# building grounding



## Hyrax4978 (Oct 11, 2018)

We have a building going up (concrete foundations right now) and the electrical engineer just said that technically per code the building doesn't need to be grounded. we were directed to ground the building steel and the plumbing  piping to the electrical system. but not the foundation rebar and no ground rods. 

We were surprised that grounding the rebar system was not required and even more so that grounding rods where not required. 

Can anyone confirm this is kosher? 

Thanks,

Brian


----------



## north star (Oct 11, 2018)

*@ = @*

Yes ***Hydrax4978***, ...the building does need an
approved method of grounding.......There are choices
of which elements that be can used as the grounding
system.

Which Electrical Code is applicable in your application ?

Also, please have "that engineer" cite the applicable
Code sections to you in writing, that do not require an
approved method of grounding......Then come back
on here and let us know what is submitted to you.

*@ = @*


----------



## ICE (Oct 11, 2018)

The electrical system needs to be grounded:

_250.50 Grounding Electrode System. All grounding electrodes as described in 250.52(A)(1) through (A)(7) that are present at each building or structure served shall be bonded together to form the grounding electrode system. 
_
Unless the electrons in Connecticut are a different color than here in California, that code section should be correct.


----------



## Mark K (Oct 12, 2018)

I believe the electrical engineer is correct based on an understanding of electronics.

Grounding wires are needed to provide a safe path for excess electrons to get to the ground thus protecting the inhabitants and the structure.  Elements of the building that do not create or transfer electrons do not need to be grounded.  Thus since concrete and its reinforcement do not provide a source of electrons they do not need to be grounded.

Part of the confusion is because sometimes the rebar in the foundation is used as the building ground.  This is known as a Ufer ground.  But this is not needed if another path to ground is provided.  When a non-conducting membrane is installed between the concrete foundation and the ground a ufer ground would not work since it would result in a floating ground.

Sometimes the rebar is bonded together if corrosion is a concern but that is not a safety concern.

I do not encourage the use of a buildings steel frame as part of the grounding system both because of the potential corrosion that could result from the grounding current and because I do not have confidence that the normal bolted connections provide a low resistance path.  There is also the concern that in some cases the bonding of the grounding wires to the buildings structural frame could create problems.


----------



## north star (Oct 12, 2018)

*@ ~ @ ~ @*

Using the building steel is one approved method of
grounding  [  *RE:*  Article 250.52(A)(2), `08 NEC  ].

*@ ~ @ ~ @*


----------



## jar546 (Oct 12, 2018)

Mark K said:


> ....................
> I do not encourage the use of a buildings steel frame as part of the grounding system both because of the potential corrosion that could result from the grounding current and because I do not have confidence that the normal bolted connections provide a low resistance path.  There is also the concern that in some cases the bonding of the grounding wires to the buildings structural frame could create problems.



Grounding current?  Do you mean fault current?  The grounding electrode system should only see current during a fault.


----------



## ICE (Oct 12, 2018)

All grounding electrodes......that are present......shall be bonded together......


----------



## Francis Vineyard (Oct 12, 2018)

steveray is from CT, hopefully he will shine some light on this topic.

Apparently CT is enforcing the 2017 NEC (see below).

Hyrax may want to further clarify correct use of terms to set this topic on the correct path of discussion.

"we were directed to ground the building steel and the plumbing piping to the electrical system" this as written could be construed as a bonding requirement, not part of the grounding electrode system.

The 2017 NEC changed 250.52(A)(2) to "Metal In-Ground Support Structure" from "Metal Frame of the Building" to qualify for it to meet specific conditions to be considered a grounding electrode.

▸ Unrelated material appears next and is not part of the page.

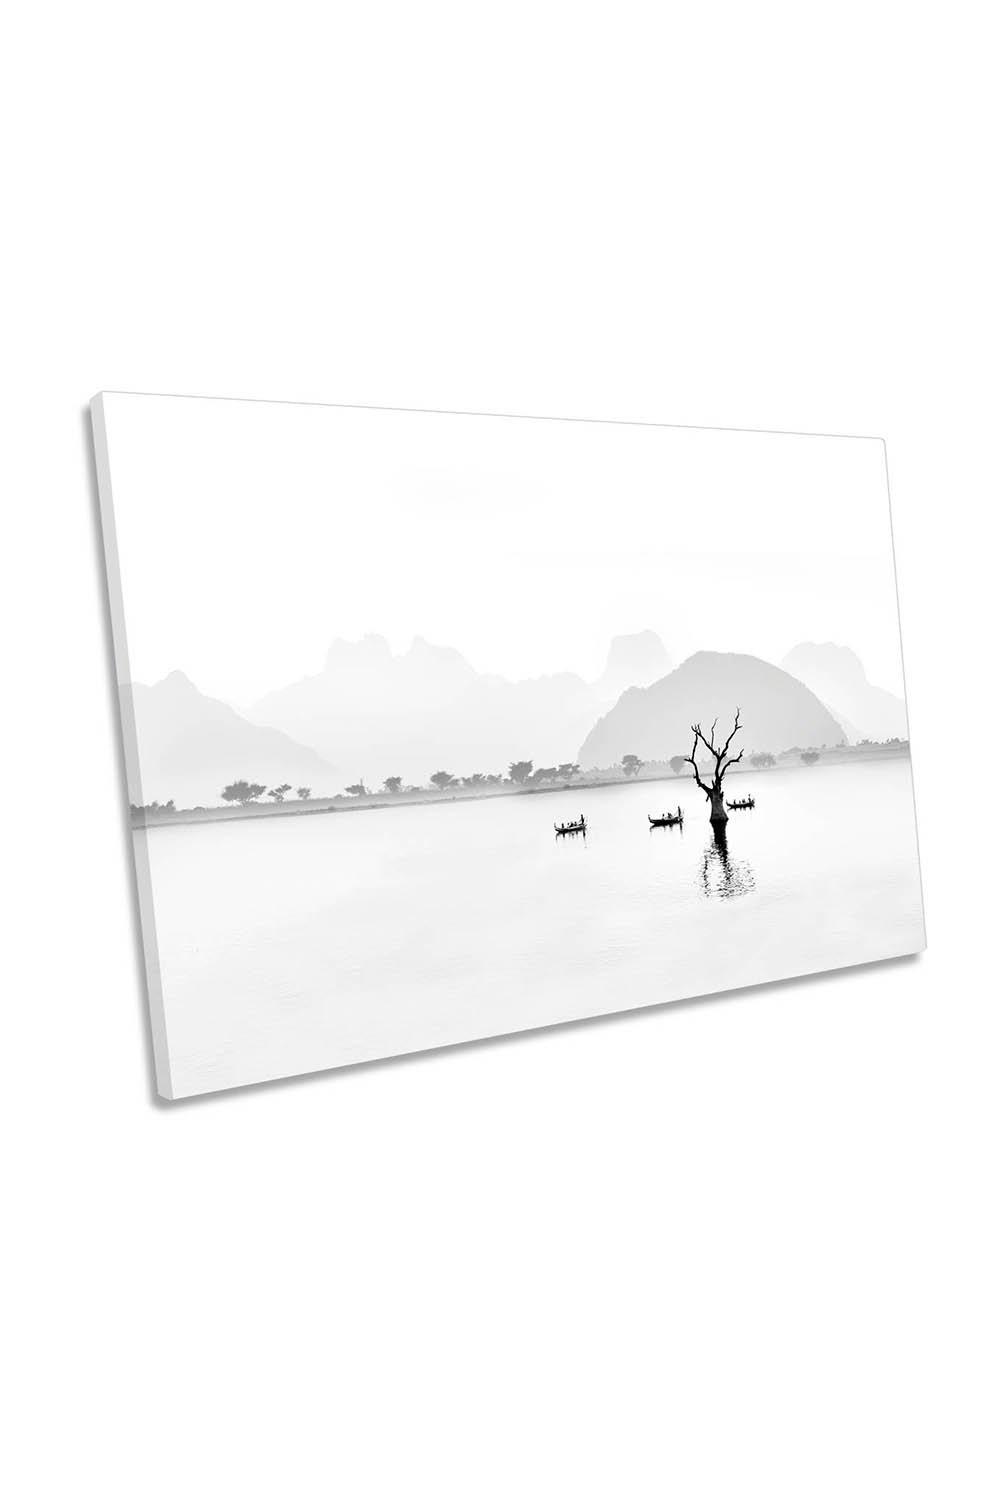 Boats in the Lake Fishermen Myanmar Asia Canvas Wall Art Picture Print
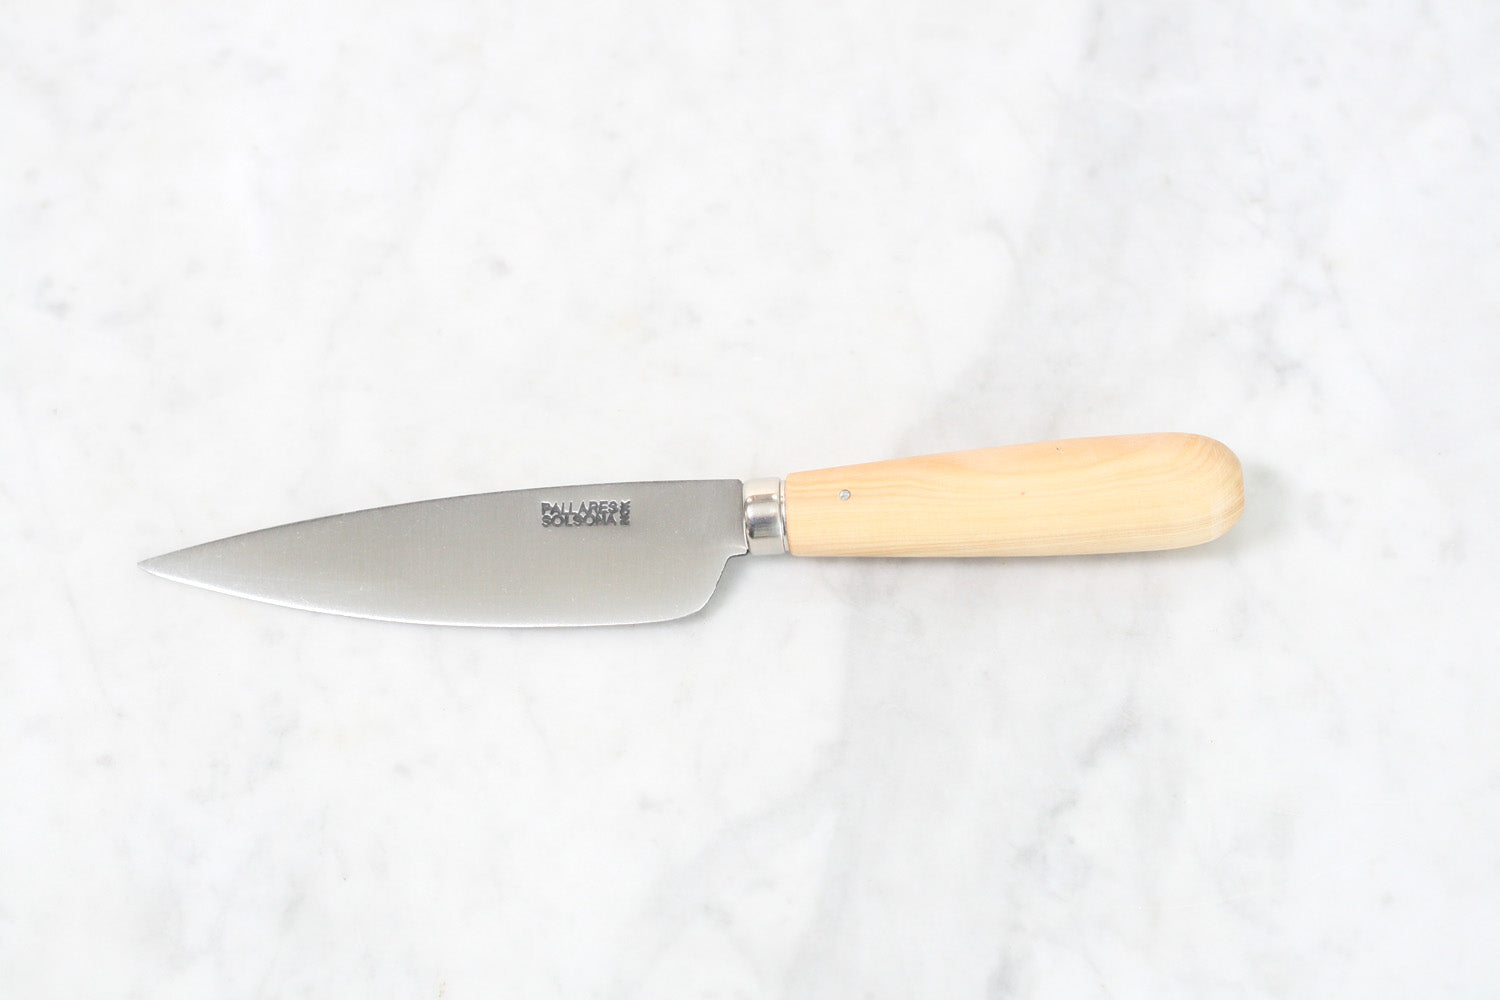 Pallarès Solsona Utility Knife, Stainless

The metal support structure must be in direct contact with the earth vertically for 10 ft. or more (with or without concrete encasement).
Alternatively the hold-down bolts securing the structural steel column connected to the rebar in the foundation (concrete-encased electrode) will serve as the grounding electrode.


----------



## Hyrax4978 (Oct 12, 2018)

So if i understand this correct that by connecting the building steel and water service piping to the neutral bus, those are methods of grounding the system. and if ICE is correct, because we have rebar, and that is one method listed we need to tie that to the neutral as well. So then since it is a new building, and grounding rods do not currently exist, do they need to be added and also tied to the neutral bus. 

Thanks,

Brian


----------



## steveray (Oct 12, 2018)

You don't need rods....You do need one grounding electrode whatever that might be....As ICE said where any of the "approved " electrodes are available, they have to bonded together as part of the grounding electrode system..Like ICE said by 250.50.....The only time you "need" rods is when you use the water pipe as the GE it requires a supplemental electrode, which is typically rods...


----------



## Mark K (Oct 12, 2018)

Just because you have one or more elements that may be a part of the grounding system you do not have to automatically ground them as long as you provide the necessary grounding using a option listed in the code.

The fact that the buildings metal frame or reinforcing in the foundation may be used as part of the grounding system doesn't mean that it is always considered a grounding electrode.  You have to p0rovide grounding but you can do it in several different ways.

Is it possible that the electrical engineer knows what he is talking about?  This option has not seemed to be considered by the inspectors responding.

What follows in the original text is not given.